If I was freed up from the HRS, I would certainly want to put the past ten years’ experience to good use and produce a very different complete guide to Britain’s hoverflies – I have lots of ideas but no time. I think there is wider scope for a Europe-wide project that might have been led by a mixed team of German, Dutch, UK specialists. That would have been a viable European project. Sadly, Brexit has blown that one out of the water – there is no chance of UK funding for such projects and we would bring nothing to the table other than our own willingness to participate – we would be totally dependent upon European money and are soon to be on the outside.

The other big challenge is to look at the composition of Recording Scheme organisation. If record flow increases, we must generate a bigger circle of people involved in the various aspects of data management. Data management is the big drudge job in its various forms, including active data farming (from Facebook), data gathering (from independent recorders) and data verification; plus, of course actually managing the database and importing data.

There are three areas where there has, however, been real progress. Firstly, we have seen that Facebook groups are great media for mentoring basic ID skills. I have been greatly impressed with the progress of several people on the UK Hoverflies Facebook page – their participation certainly eases the pressure on the ‘resident experts’ (Ian Andrews, Joan Childs, Geoff Wilkinson and me).

Even more importantly, we have seen a substantial shift towards group members maintaining their own spreadsheets. This is a significant shift because it means that there is a growing group of recorders in whom we have confidence and who have the confidence to make their own records. It has vastly eased the burden on me – had this shift not happened I would have had to pack up for my own sanity’s sake!

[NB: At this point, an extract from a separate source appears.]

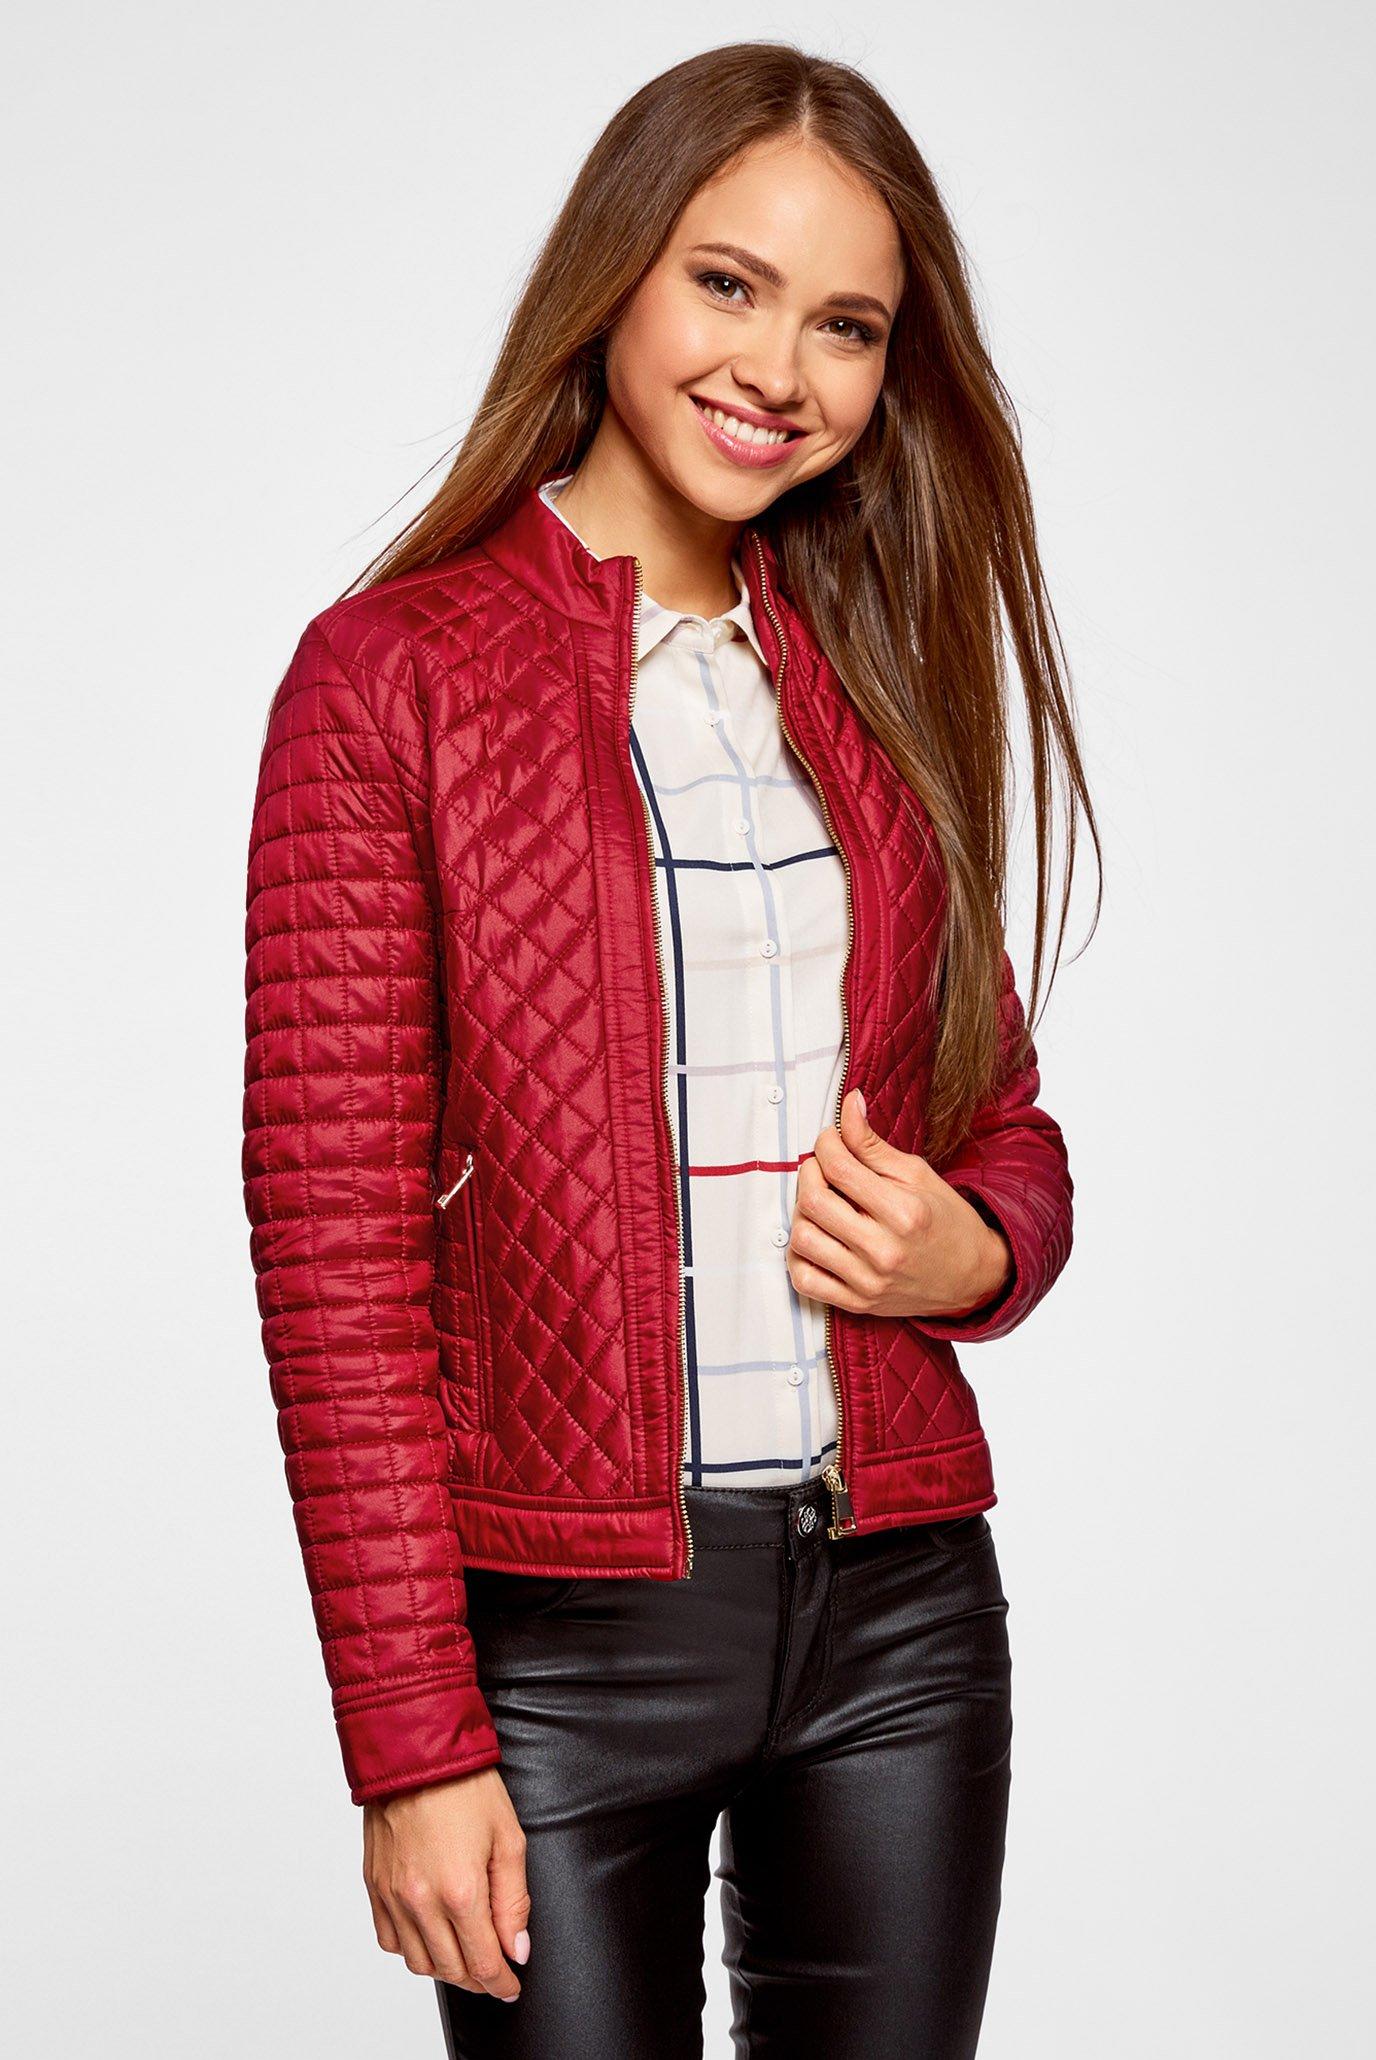 258e34ad6da Купить Женская красная стеганая куртка exclusive Oodji Oodji  28304005 45684 4500N – Киев
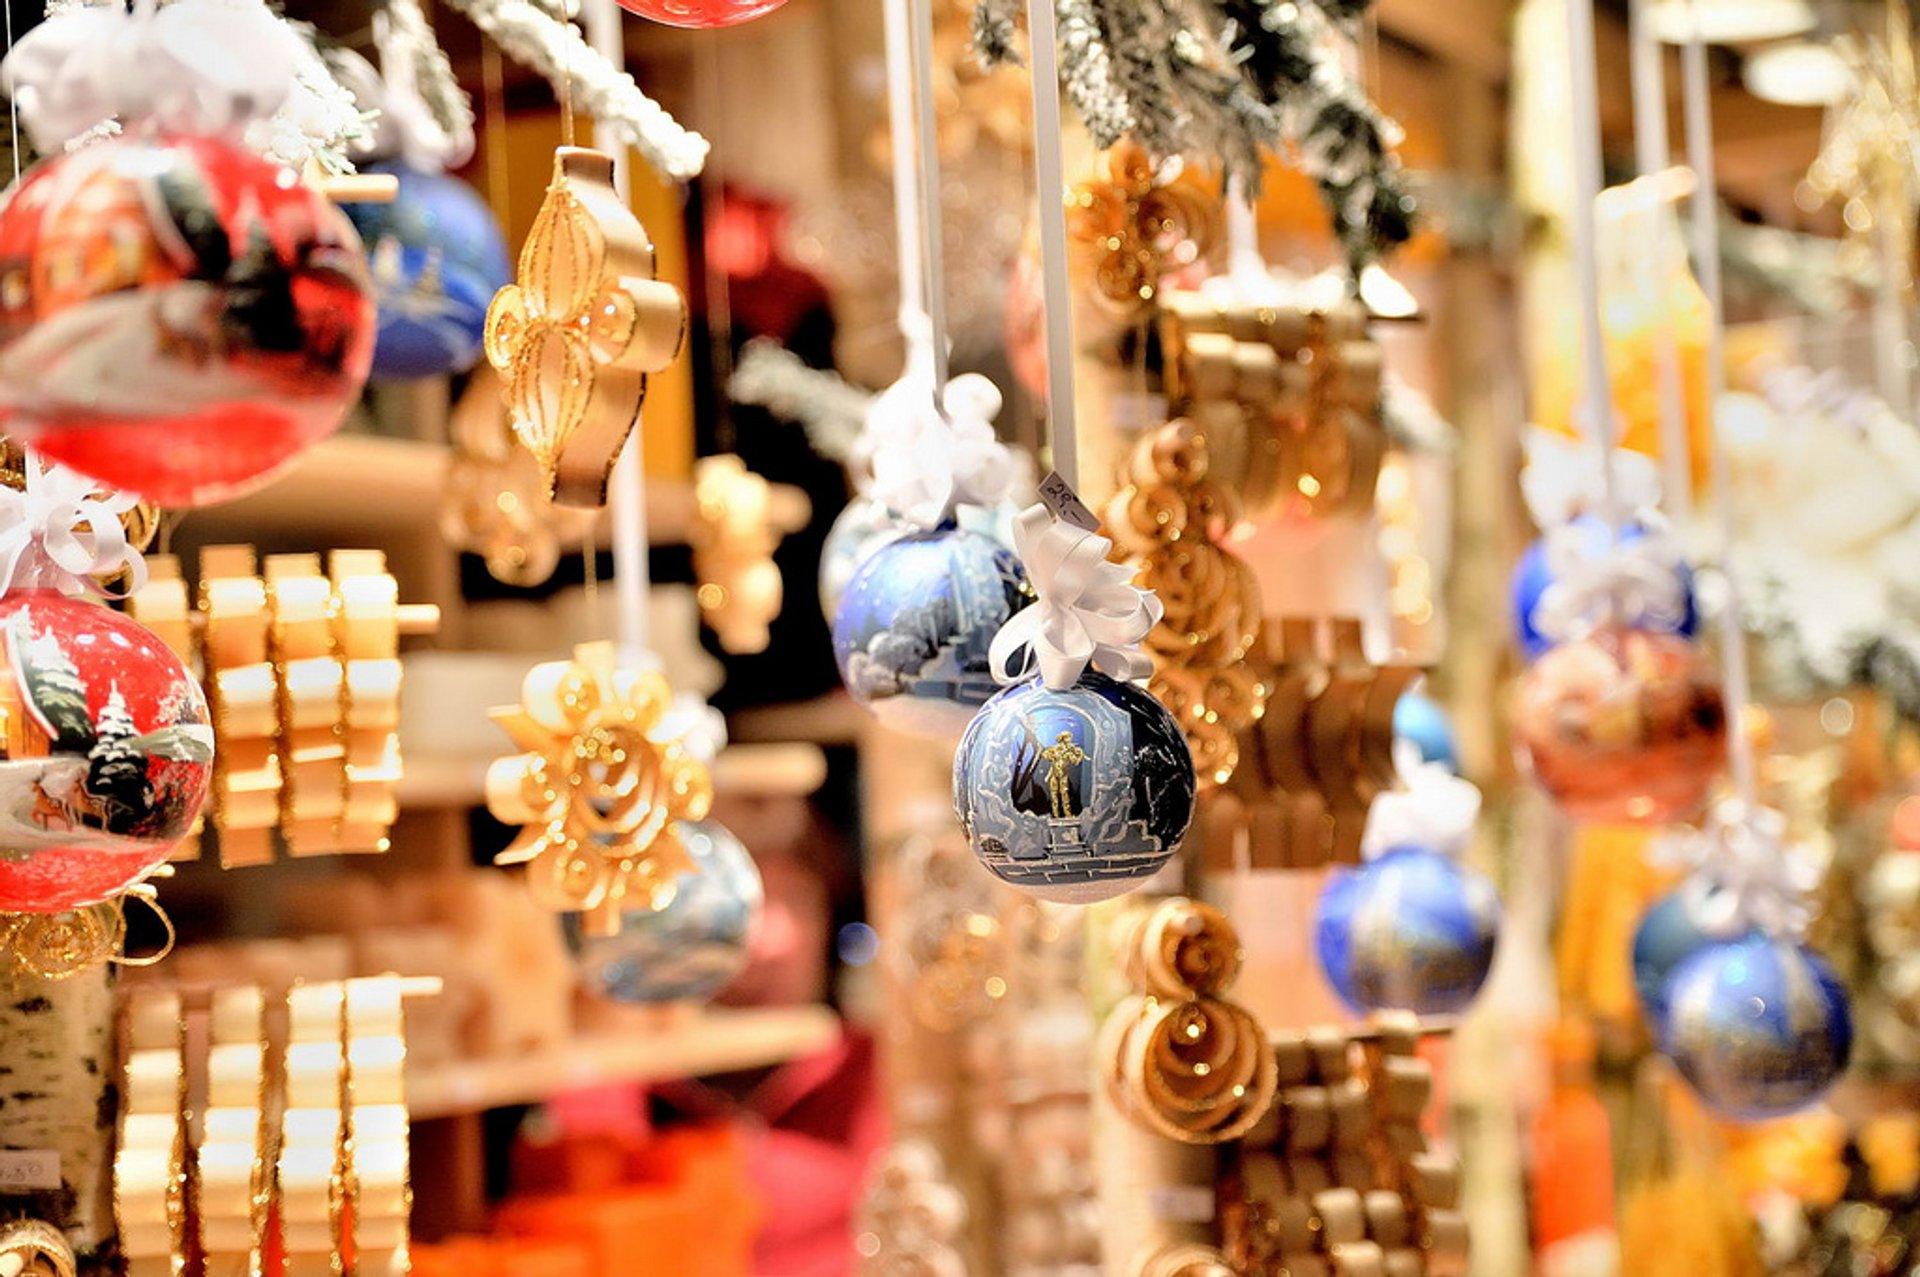 Best time to see Christmas Markets (Weihnachtsmärkte) in Vienna 2019

Finally, there is no shortage of data analysts. Various University groups regularly make use of HRS and other opportunistic data and there are also independent analysts and PhD students to whom we have supplied data. But, for me, there is a fly in the ointment. When we took on the Recording Scheme it was my hope that we (i.e. Stuart and I) would do a lot of the analytical work and actually publish some ground-breaking work. Today, the workload is such that the best we can do is to assemble data and pass it on to someone else to do the real science. I’m not sure that is what I signed up for and I certainly have not signed up to servicing the biological record production industry!

So, some thought needs to go into making sure that the question is asked ‘what makes a Recording Scheme organiser tick and how do we make running a scheme attractive?’